What this skill does


# Checkly

**Required:** Before answering any Checkly question, run `npx checkly skills` to get the current and up-to-date action list. Do not rely on memory or prior context — the CLI is the source of truth and actions might change between releases.

Then run `npx checkly skills <action>` to load up-to-date details for the action you need.

Use `npx checkly skills install` to install this skill into your project (supports Claude Code, Cursor, Codex and more).

For recorded test-session investigations, run `npx checkly skills investigate test-sessions`.
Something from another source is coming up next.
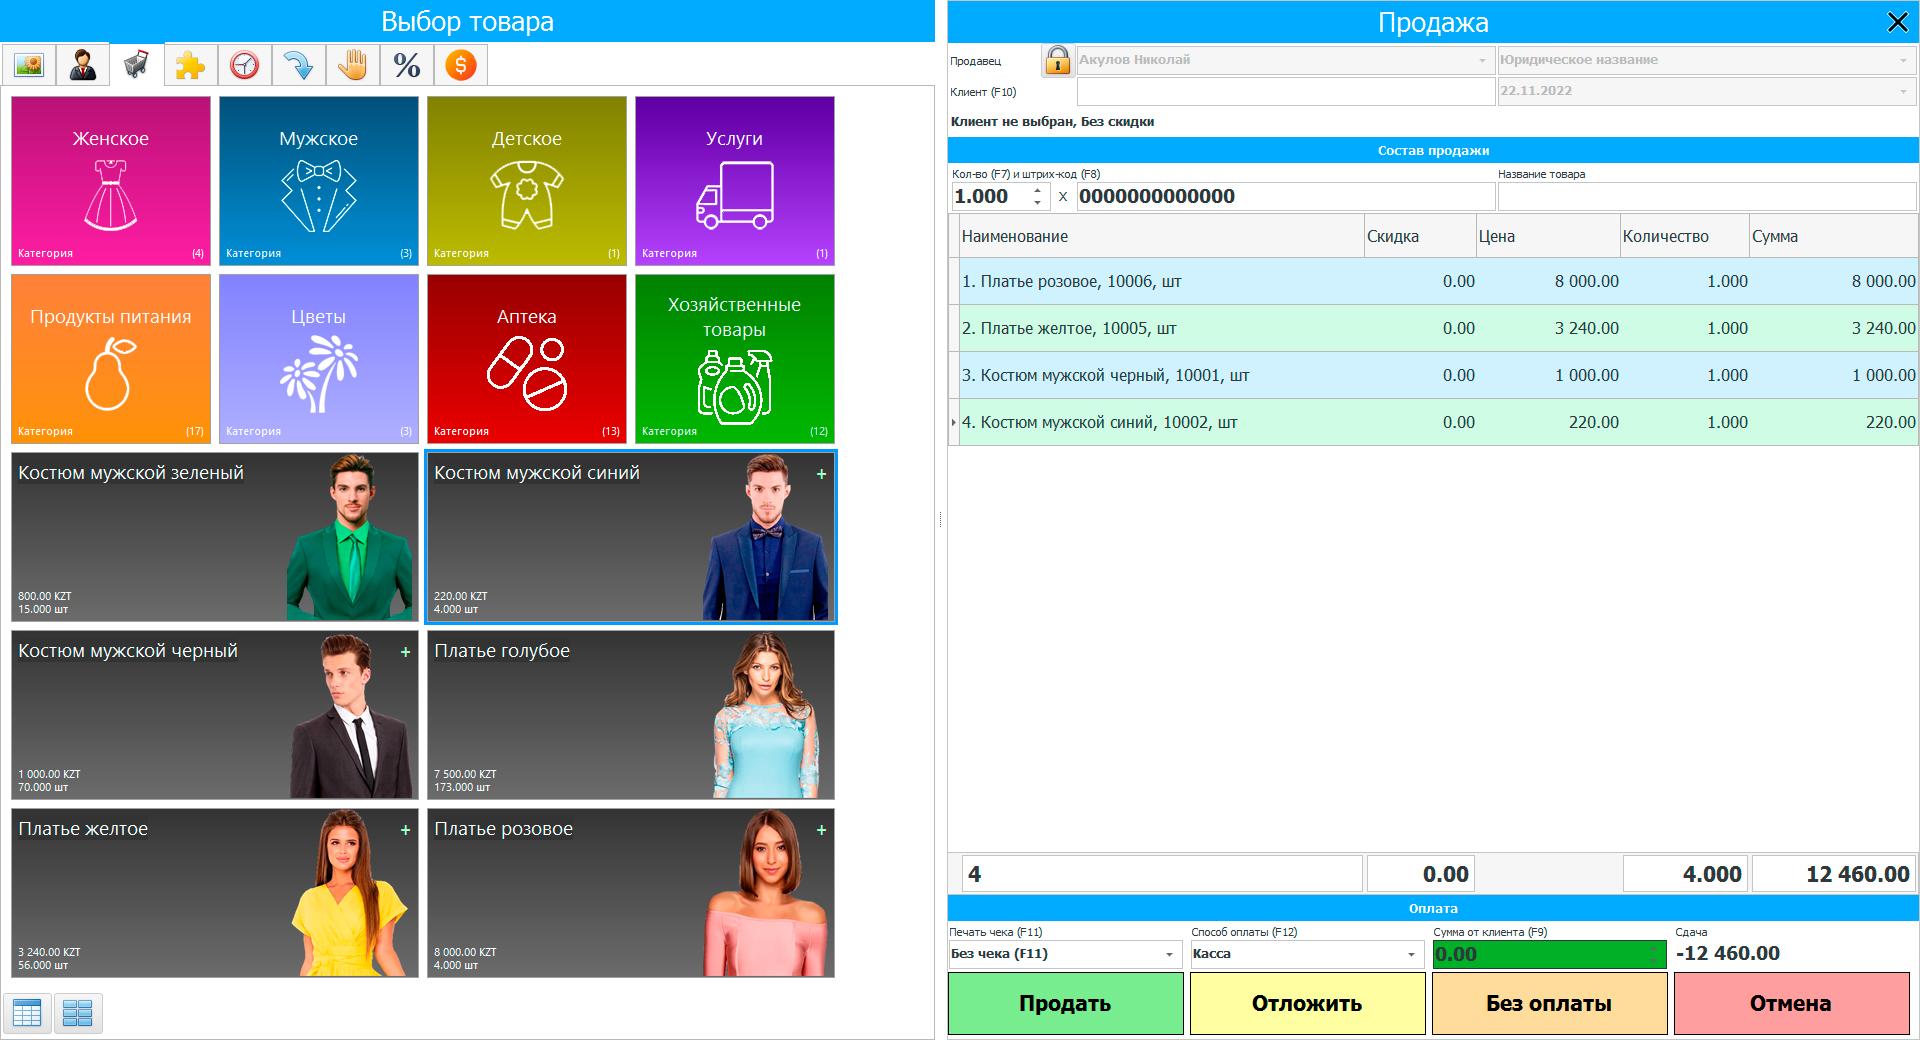 Adobe reader 10 rus для windows xp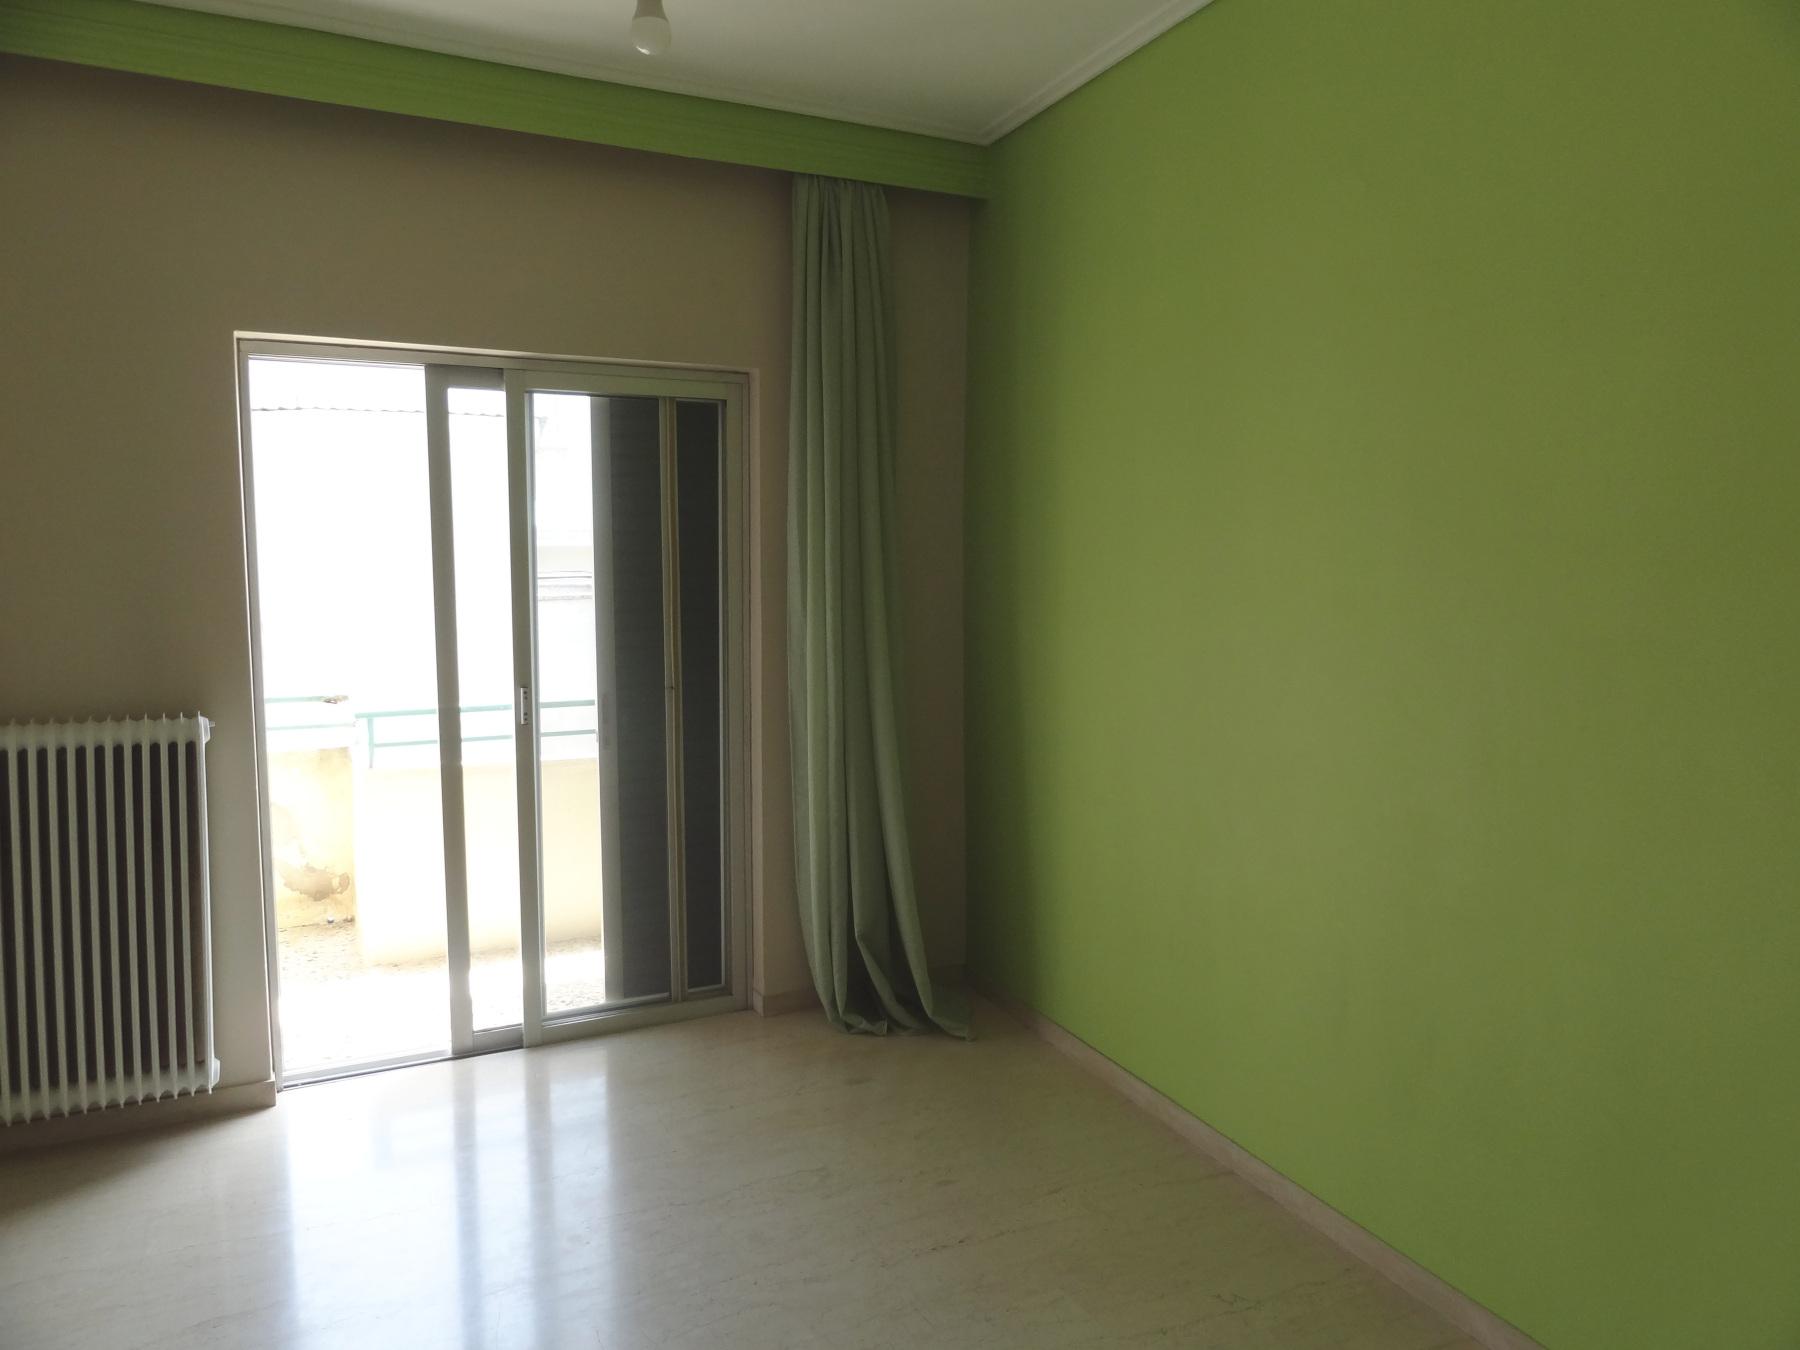 For rent comfortable 1 bedroom apartment of 55 sq.m. 1st floor near Pargis square in Ioannina.

## Progressive Disclosure via `npx checkly skills`

The skill is structured for efficient context usage:

1. **Metadata** (~80 tokens): Name and description in frontmatter
2. **Core Instructions** (~1K tokens): Main SKILL.md content with links to reference commands
3. **Reference Commands** (loaded on demand): Detailed construct documentation with examples

Agents load what they need for each task.

## Plan Awareness

Before configuring checks, run `npx checkly account plan --output json` to see what features, locations, and limits are available on the current plan. Disabled features include an `upgradeUrl` pointing to the self-service checkout page or the enterprise contact sales page — share these with the user when they need a feature that's not on their plan.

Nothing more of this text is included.